URN: urn:nbn:de:bsz:180-madoc-654268
Document Type: Article
Year of publication: 2024
The title of a journal, publication series: Psychonomic Bulletin & Review
Volume: 31
Issue number: 3
Page range: 1078-1092
Place of publication: New York, NY
Publishing house: Springer
ISSN: 1069-9384 , 1531-5320
Publication language: English
Institution: School of Social Sciences > Allgemeine Psychologie (Bröder 2010-)

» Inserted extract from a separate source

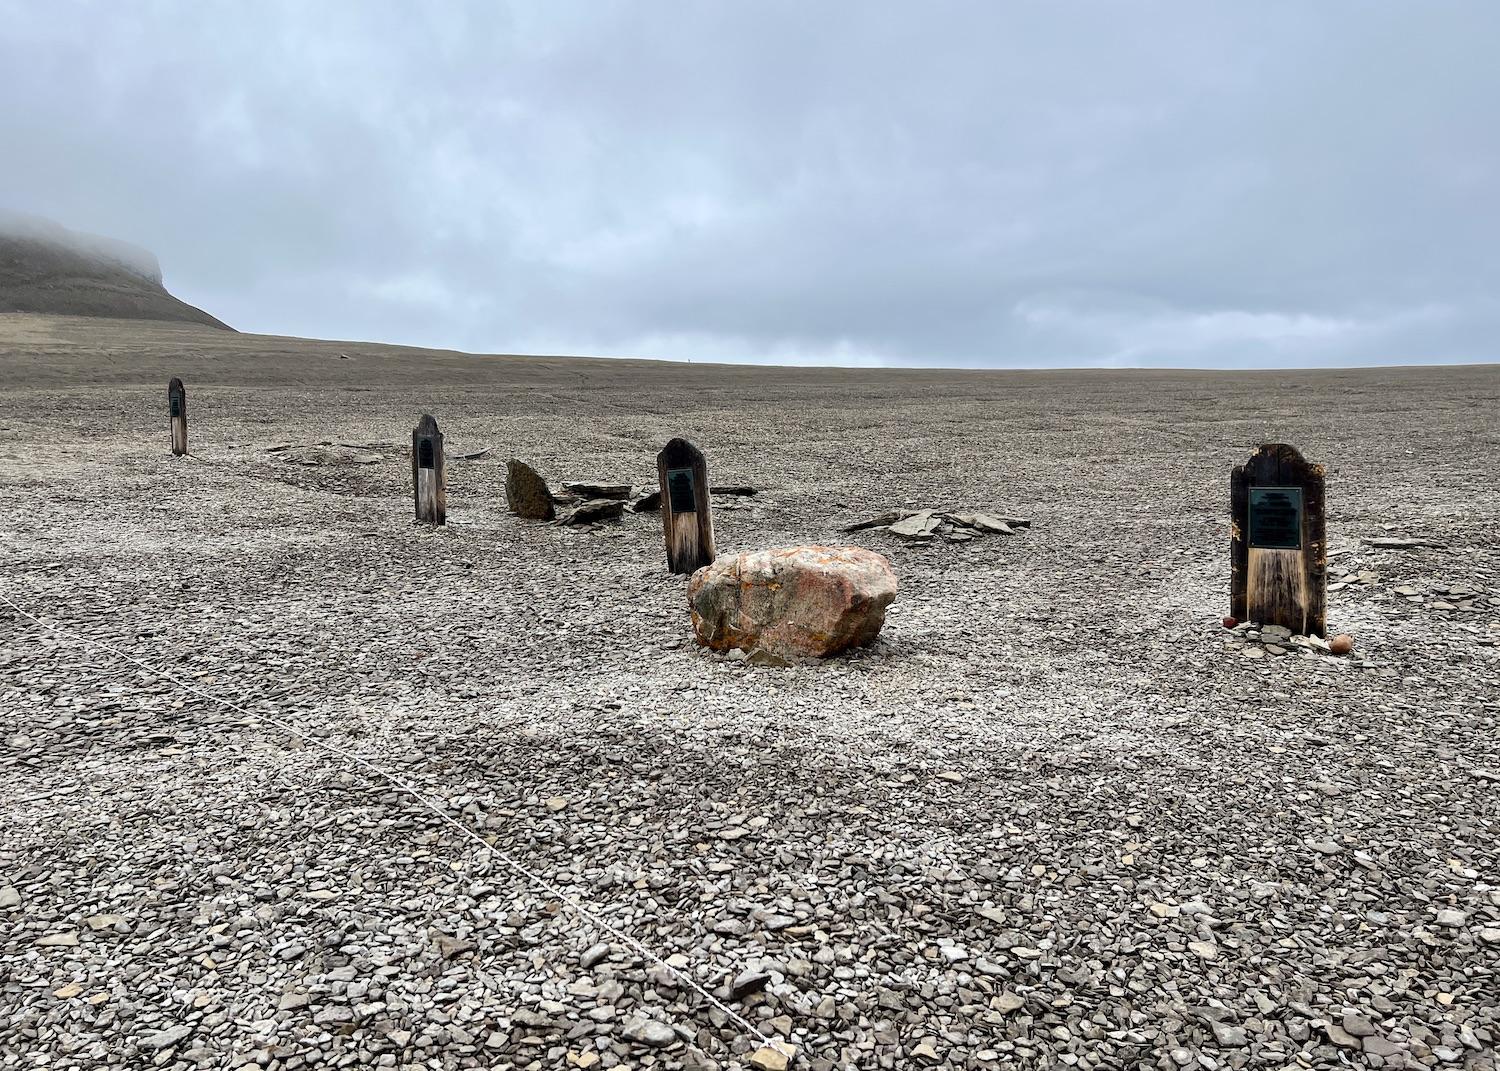 For our Beechey Island visit, Adventure Canada laid down rope to keep us about 10 feet from the Franklin graves.

Pre-existing license: Creative Commons Attribution 4.0 International (CC BY 4.0)
Subject: 150 Psychology
Keywords (English): numerical judgments , cognitive modeling , multidimensional scaling , natural stimuli
Abstract: Research on processes of multiple-cue judgments usually uses artificial stimuli with predefined cue structures, such as artificial bugs with four binary features like back color, belly color, gland size, and spot shape. One reason for using artifical stimuli is that the cognitive models used in this area need known cues and cue values. This limitation makes it difficult to apply the models to research questions with complex naturalistic stimuli with unknown cue structure. In two studies, building on early categorization research, we demonstrate how cues and cue values of complex naturalistic stimuli can be extracted from pairwise similarity ratings with a multidimensional scaling analysis. These extracted cues can then be used in a state-of-the-art hierarchical Bayesian model of numerical judgments. In the first study, we show that predefined cue structures of artificial stimuli are well recovered by an MDS analysis of similarity judgments and that using these MDS-based attributes as cues in a cognitive model of judgment data from an existing experiment leads to the same inferences as when the original cue values were used. In the second study, we use the same procedure to replicate previous findings from multiple-cue judgment literature using complex naturalistic stimuli.